No victory can be claimed yet. Despite this, the cessation of the eruption has already changed the lives of many. One of them is Juan Carlos Baños Lozano (58 years old), manager of the Mirador El Time Cafeteria (Tazacorte) for 25 years, another of the neuralgic points to observe both the volcanic cone and the evolution of the lava flows and its mouth into the sea in form of two lava deltas. “The experience has been very unpleasant,” he says. “Life treats me well, I have a job, my children are healthy, I have no financial problems … But these three months I have suffered from anxiety, and this is a feeling that I did not know.”
His business has been full day and night. Many of those who passed by were “friends of the Valley [de Aridane, zona que engloba a Los Llanos, El Paso y Tazacorte] those who have been taken home by the volcano ”, he recalls. “It has been a painful time, feeling the helplessness of not being able to do anything.” Baños’s anxiety was over when the volcano fell asleep. Many other palm trees are not so lucky. “It is now when it begins its own reconstruction,” he reflects.
The Pevolca corroborates “the exhaustion process” of the eruption
There are five days left for the eruption to end, as explained this Sunday by the Volcanic Emergency Plan of the Canary Islands (Pevolca). For now, fortunately, the stabilization of the volcano proceeds without visible alterations: “The observables, both direct on the surface and from the surveillance systems, corroborate the signs of exhaustion of the eruptive process,” the scientific committee says. In other words, the tremor (the sound signal left by magma and gases when ascending) is at the level of background noise; seismicity is of low magnitude and remains at very low levels at all depths, and the emission of sulfur dioxide has been low for five days. The small lava flow that was detected this Friday in the lava flows corresponds to a remnant of a volcanic tube, according to Pevolca.

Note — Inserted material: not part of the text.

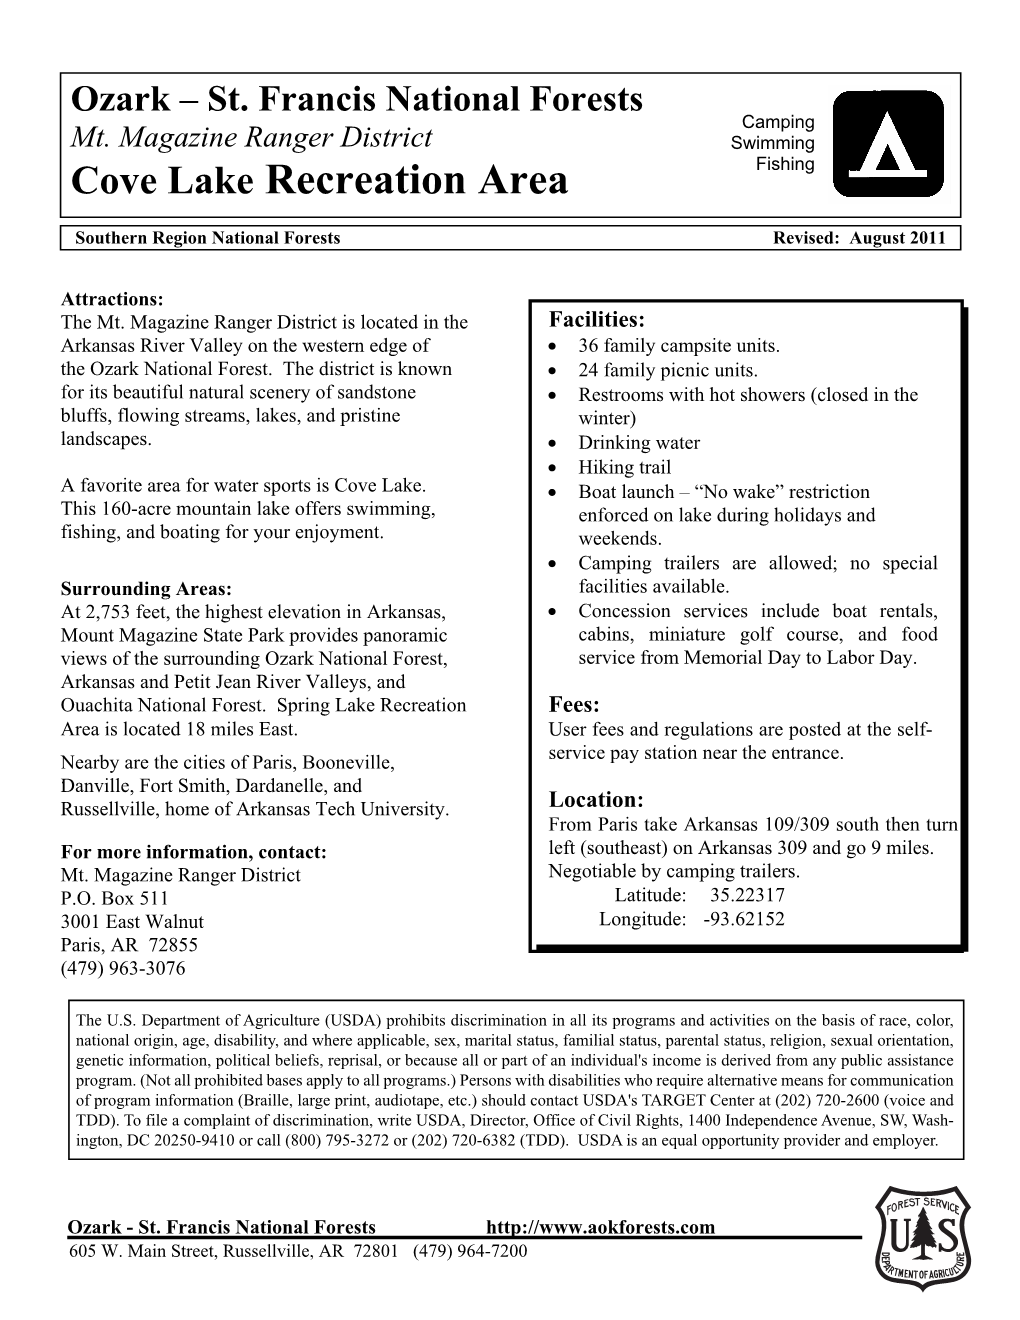 Cove Lake Recreation Area Fishing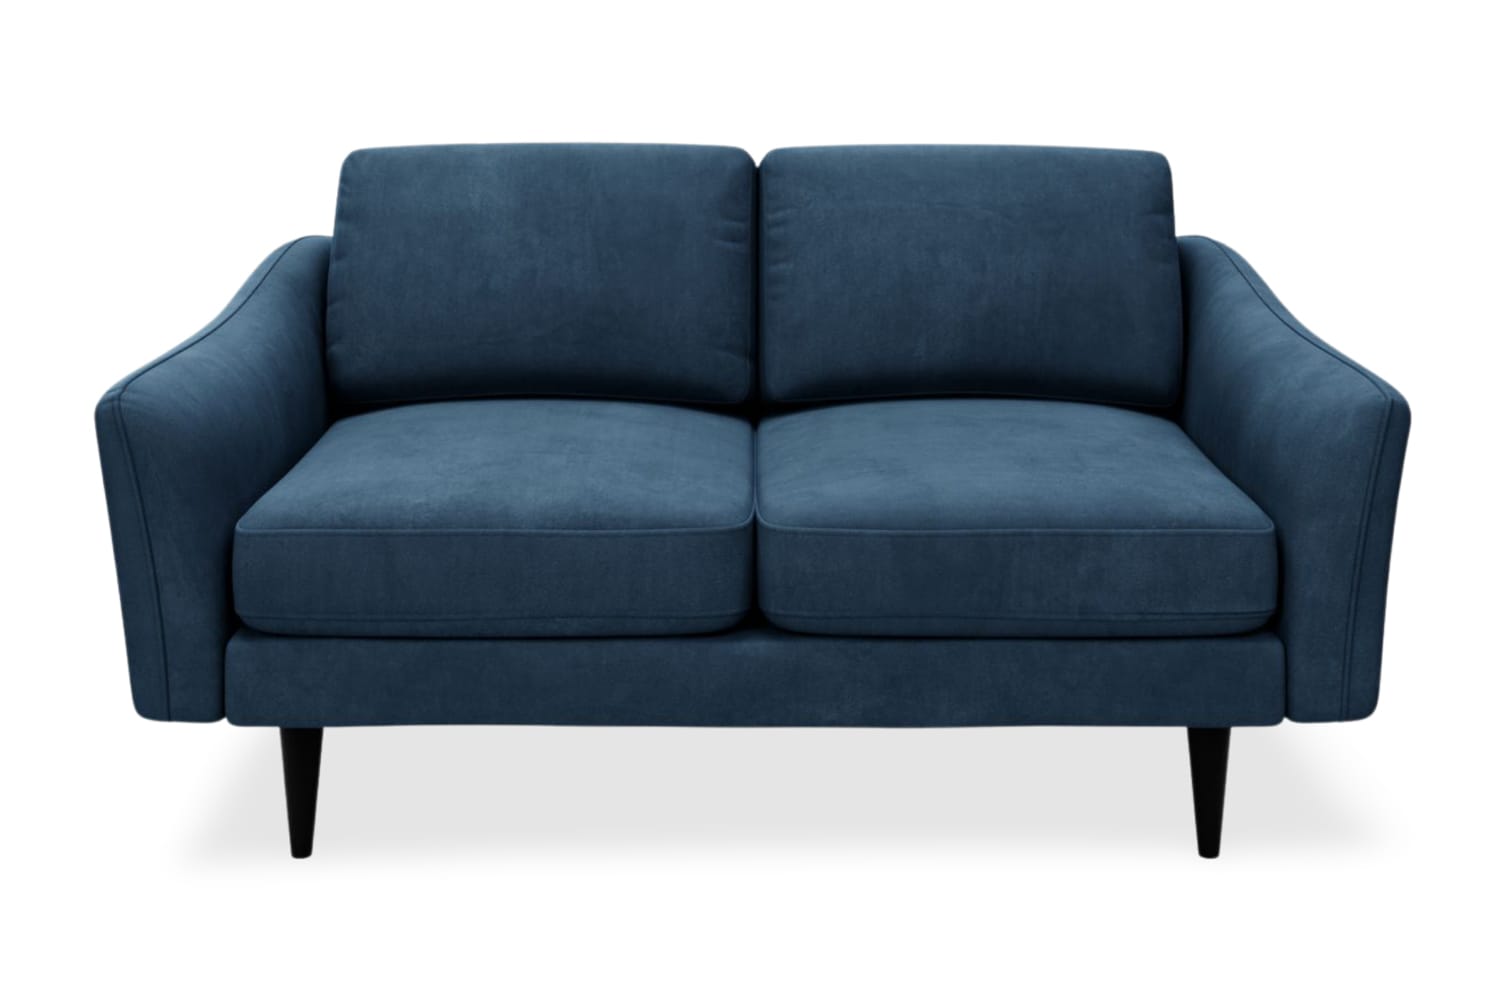 SNUG | The Rebel 2 Seater Sofa in Blue Steel variant_40414889279536

The Pevolca, as usual, warns, however, that everything could change. “A new rebound in strombolian activity and emission of runoff cannot be ruled out,” he says in his scientific report.
With the end of the eruption comes the time of reconstruction. The Minister of Industry, Commerce and Tourism, Reyes Maroto, and the President of the Government of the Canary Islands, Ángel Víctor Torres, held a meeting this Sunday at the Parador de Turismo de La Palma with representatives of the island’s business sectors. A new package of measures called La Palma is reborn endowed with 27.3 million euros to support the self-employed and SMEs, especially those affected by the volcano, and contribute to promoting tourism on the island.
As reported by Industria in a statement, the plan includes an investment of 12.38 million euros for the recovery and promotion of tourism on the island, once the eruption of the volcano is terminated. Specifically, a line of tourist vouchers of 300 euros will be launched, articulated through virtual debit cards to stimulate trips to the island of La Palma throughout 2022.
George Holan is chief editor at Plainsmen Post and has articles published in many notable publications in the last decade.